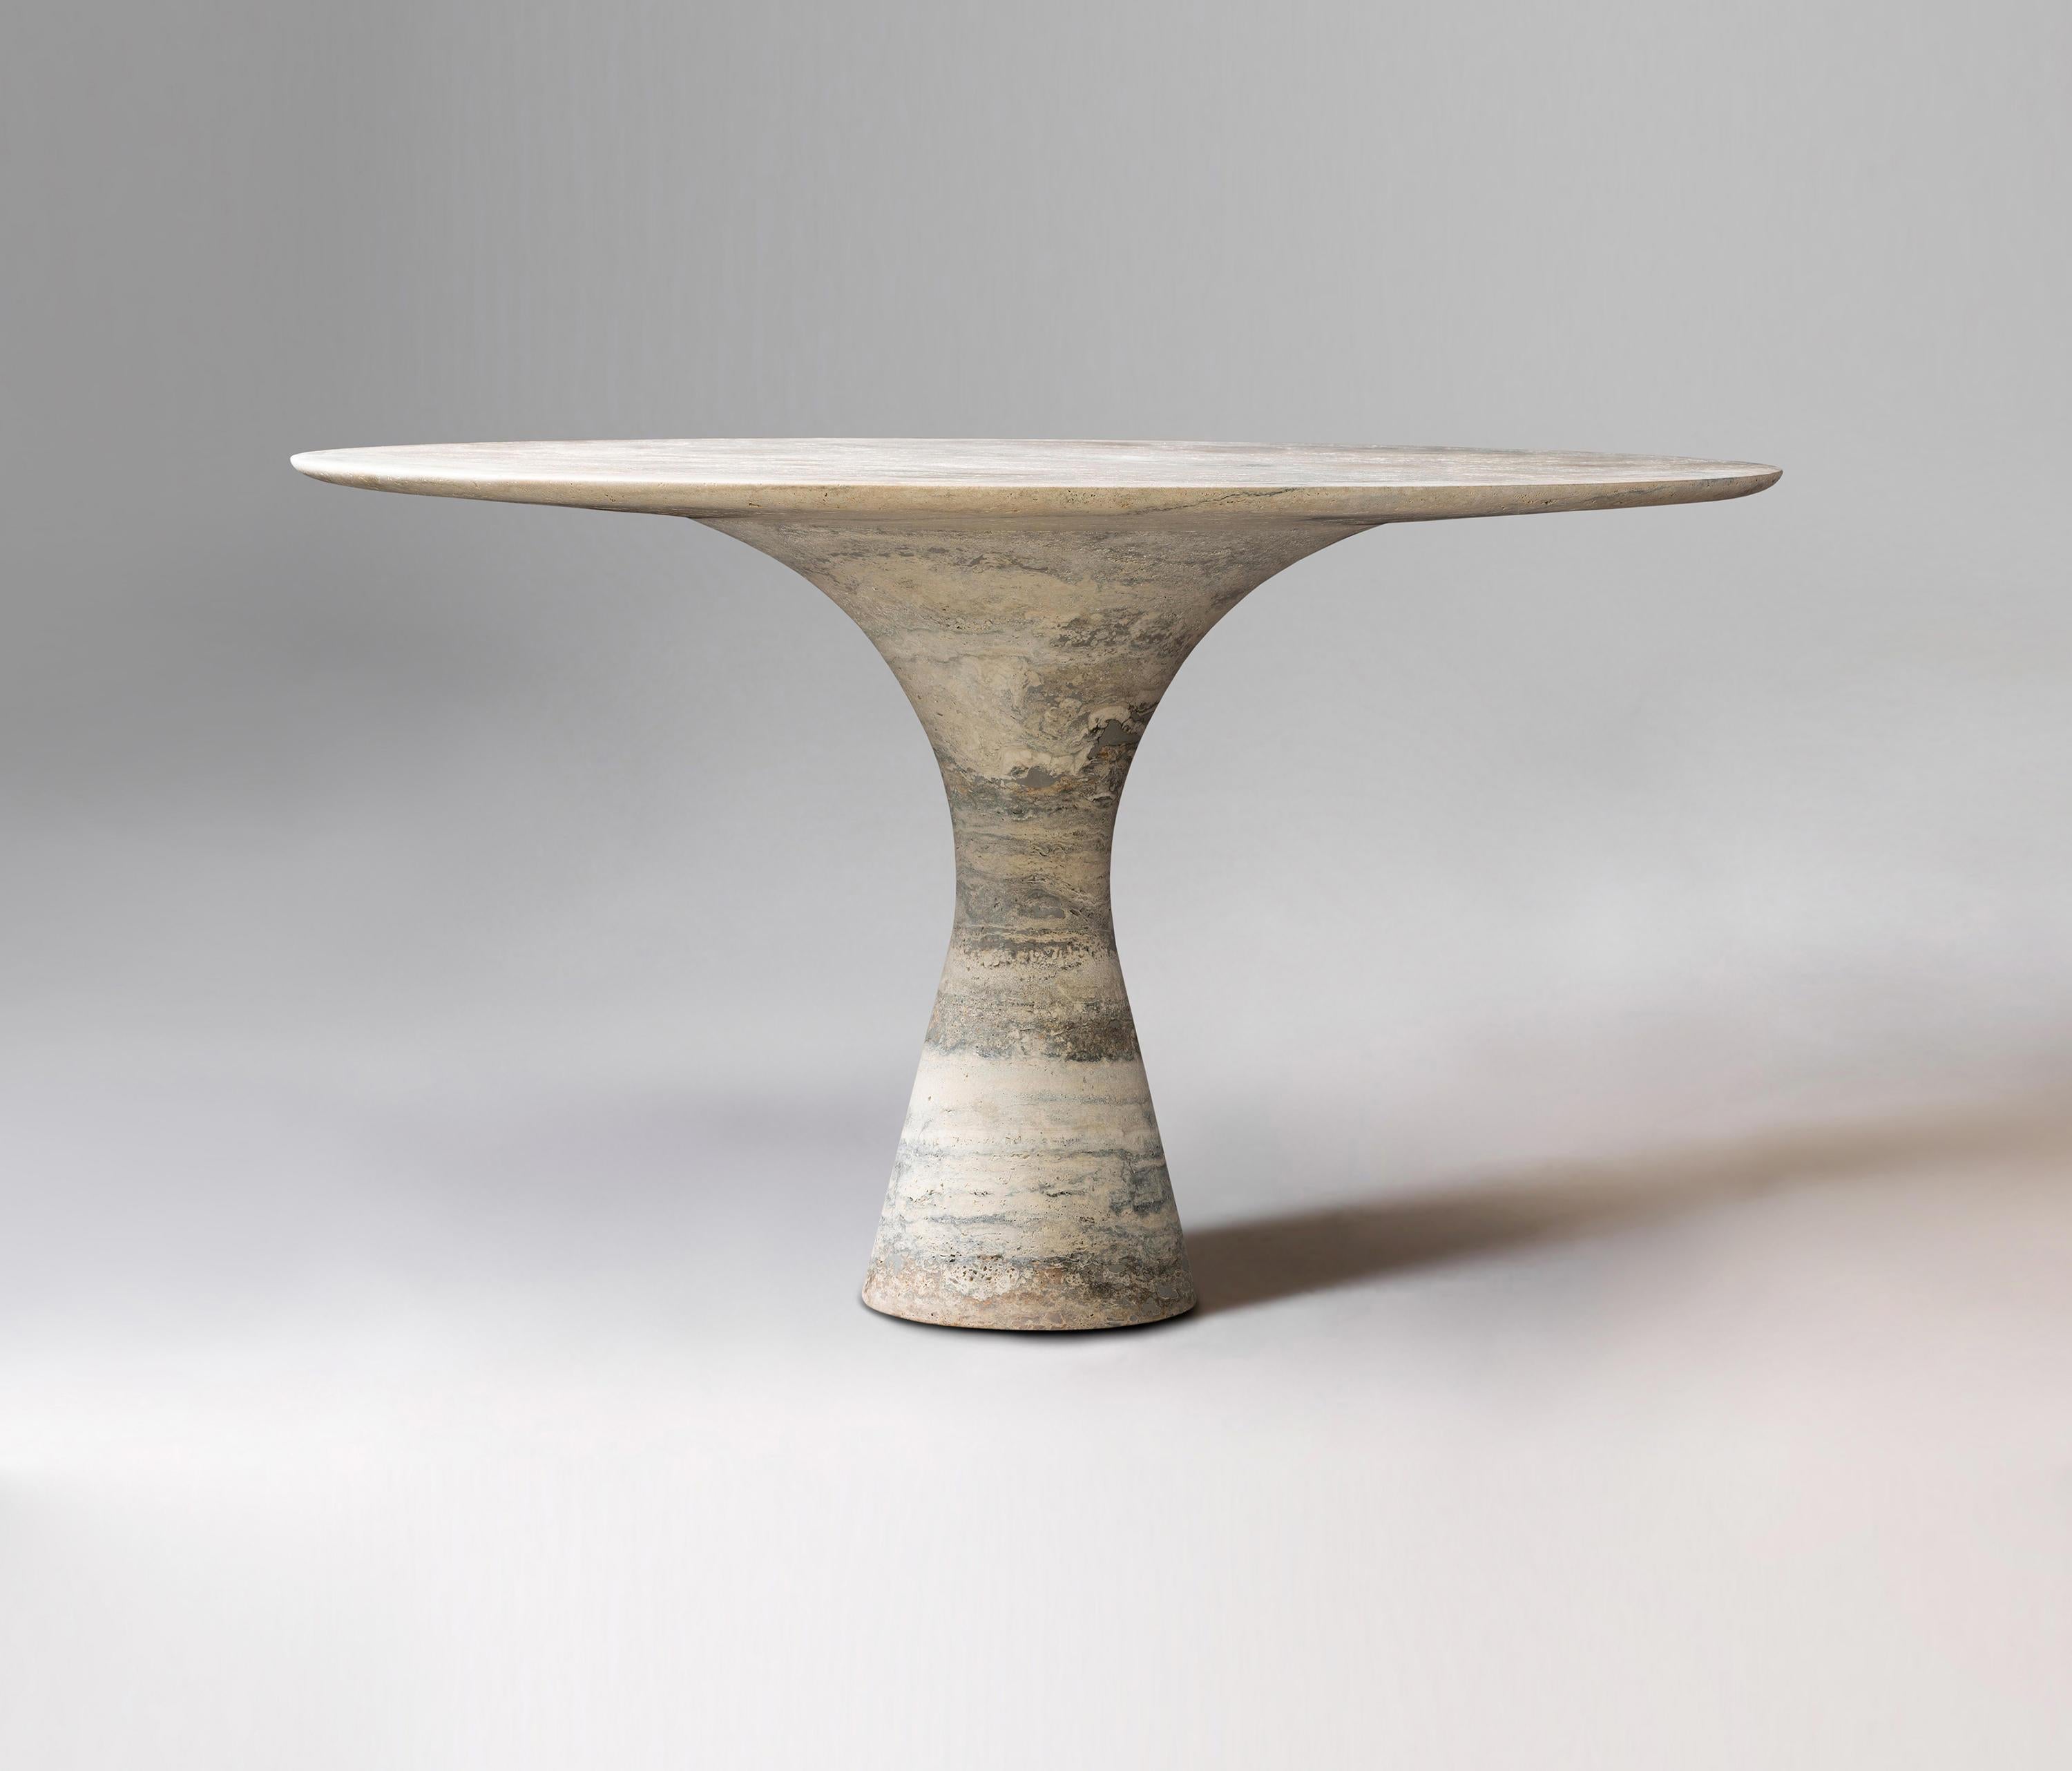 Table de salle à manger contemporaine en marbre Travertino Silver Refined 130/75
Dimensions : 130 x 75 cm : 130 x 75 cm
MATERIAL : Argent Travertino 

Angelo est l'essence même d'une table ronde en pierre naturelle, une forme sculpturale dans un

##############################

The required output is the line holding "MATERIAL : Argent Travertino" plus every line after it in the data, reproduced exactly.

— Exercise output —
MATERIAL : Argent Travertino 

Angelo est l'essence même d'une table ronde en pierre naturelle, une forme sculpturale dans un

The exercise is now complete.